Sekiwake Asanoyama was officially promoted to sumo's second-highest rank of ozeki on Wednesday by the Japan Sumo Association's board of directors.

The news provided a bright spot amid the coronavirus bleakness with Asanoyama saying in his kojo stage speech he is ready for the added responsibility and expectations ahead of the Summer Grand Sumo Tournament in May.

"I will live up to my name as ozeki and love the sport of sumo, fulfill justice as rikishi (sumo wrestler) and exert myself to the utmost," he said. "I want to be in the fight for the championship."

The Takasago stable wrestler posted 11 wins in the March 8-22 Spring Grand Tournament in Osaka that was held without spectators, an unprecedented measure taken to contain and combat the spread of the coronavirus.
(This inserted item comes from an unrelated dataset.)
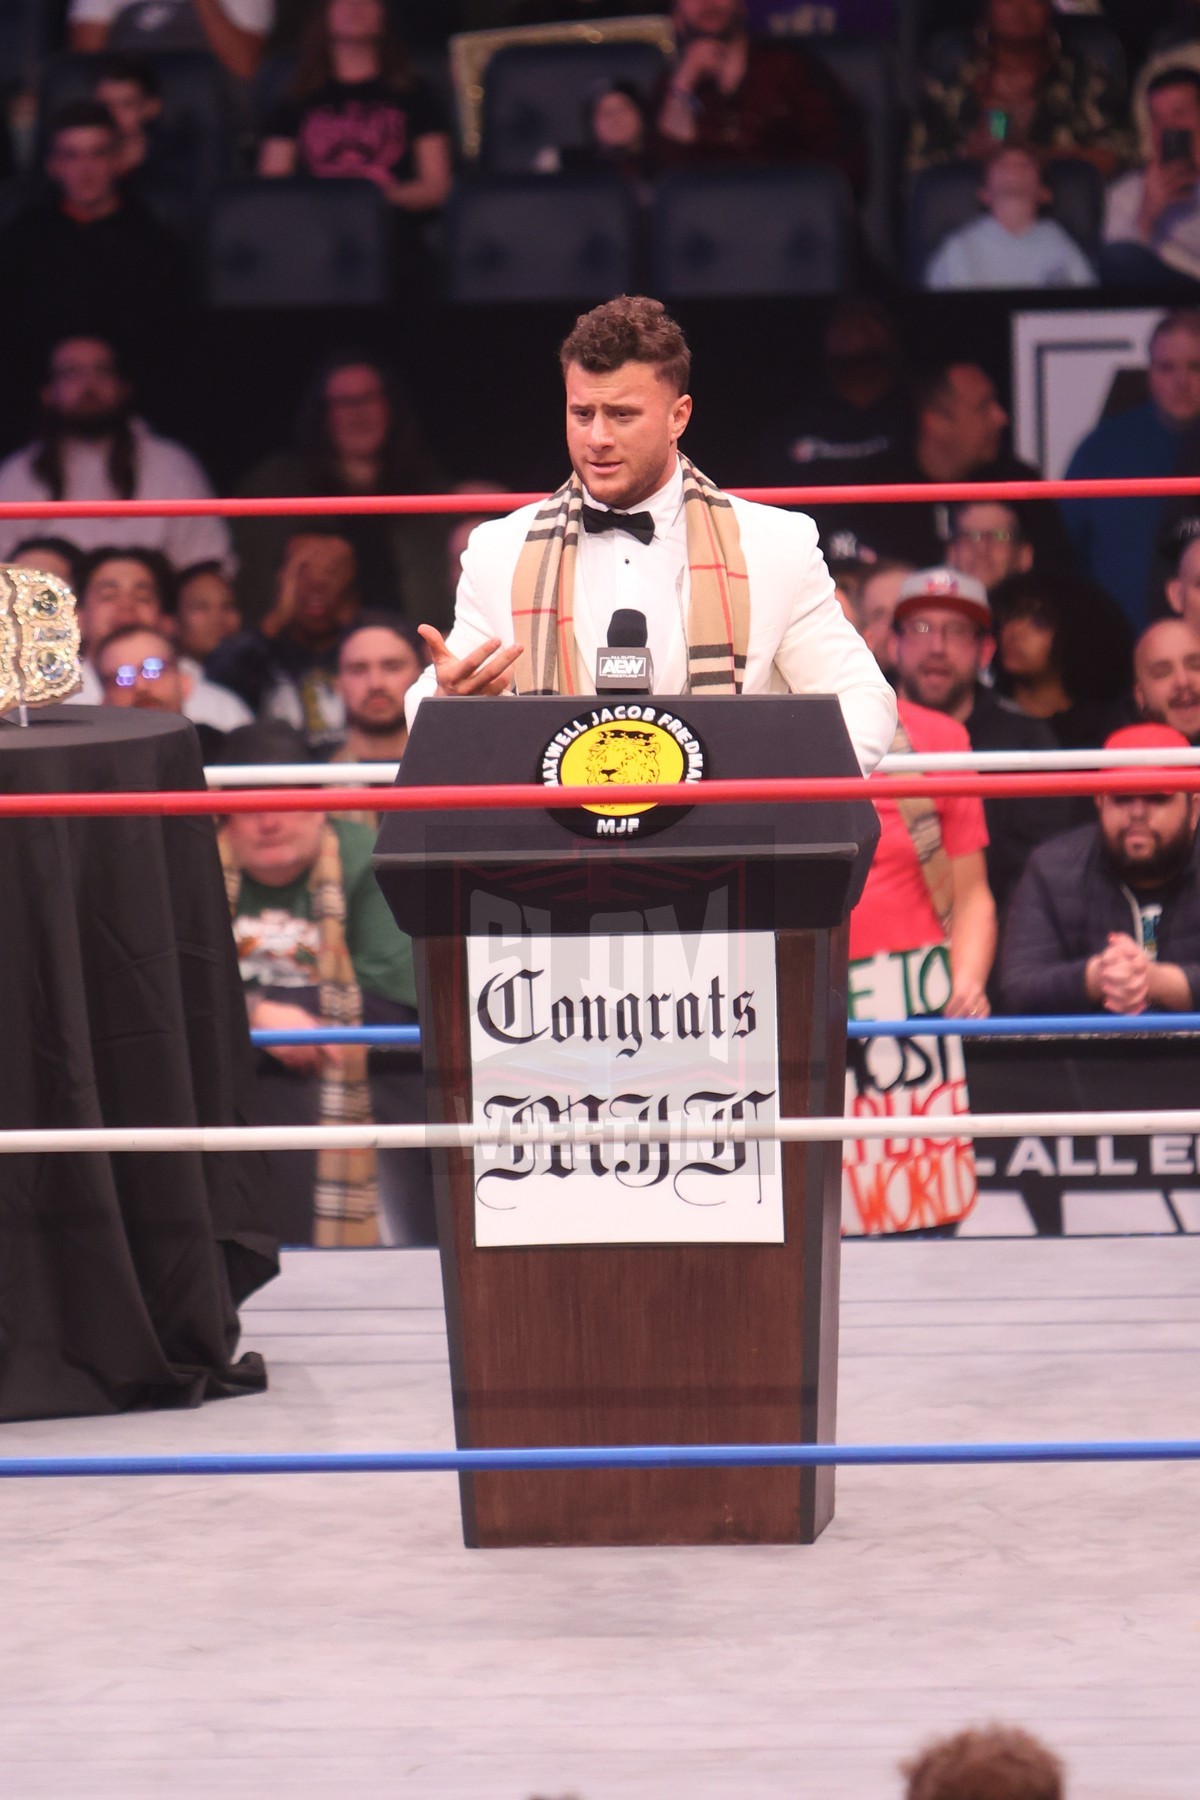 MJF speaks his mind at AEW Dynamite, at UBS Arena in Belmont Park, NY, on Long Island, on Wednesday, April 5, 2023. Photo by George Tahinos, https://georgetahinos.smugmug.com

(Sumo wrestler Asanoyama (2nd from R), flanked by his stablemaster Takasago and Takasago's wife, bows to accept his promotion to ozeki.)

While he fell one short of the 33 wins over three tournaments normally required for ozeki promotion, the Toyama Prefecture native earned commendations for the quality of his sumo and had his elevation unanimously approved by the JSA.

He remained in title contention until the last days of the Spring meet and defeated demotion-threatened ozeki Takakeisho on the final day.

The 26-year-old, who said he is aiming to become a yokozuna, has already won one Emperor's Cup, as a rank-and-filer at last year's Summer tournament.


Asanoyama admitted he was nervous making the speech during the promotion ceremony -- which was also scaled down due to the virus -- but said he wanted to deliver it with confidence.

His stablemaster Takasago gave him a score of 100 out of 100 for his speech and applauded his wrestler for his hard work and dedication to training.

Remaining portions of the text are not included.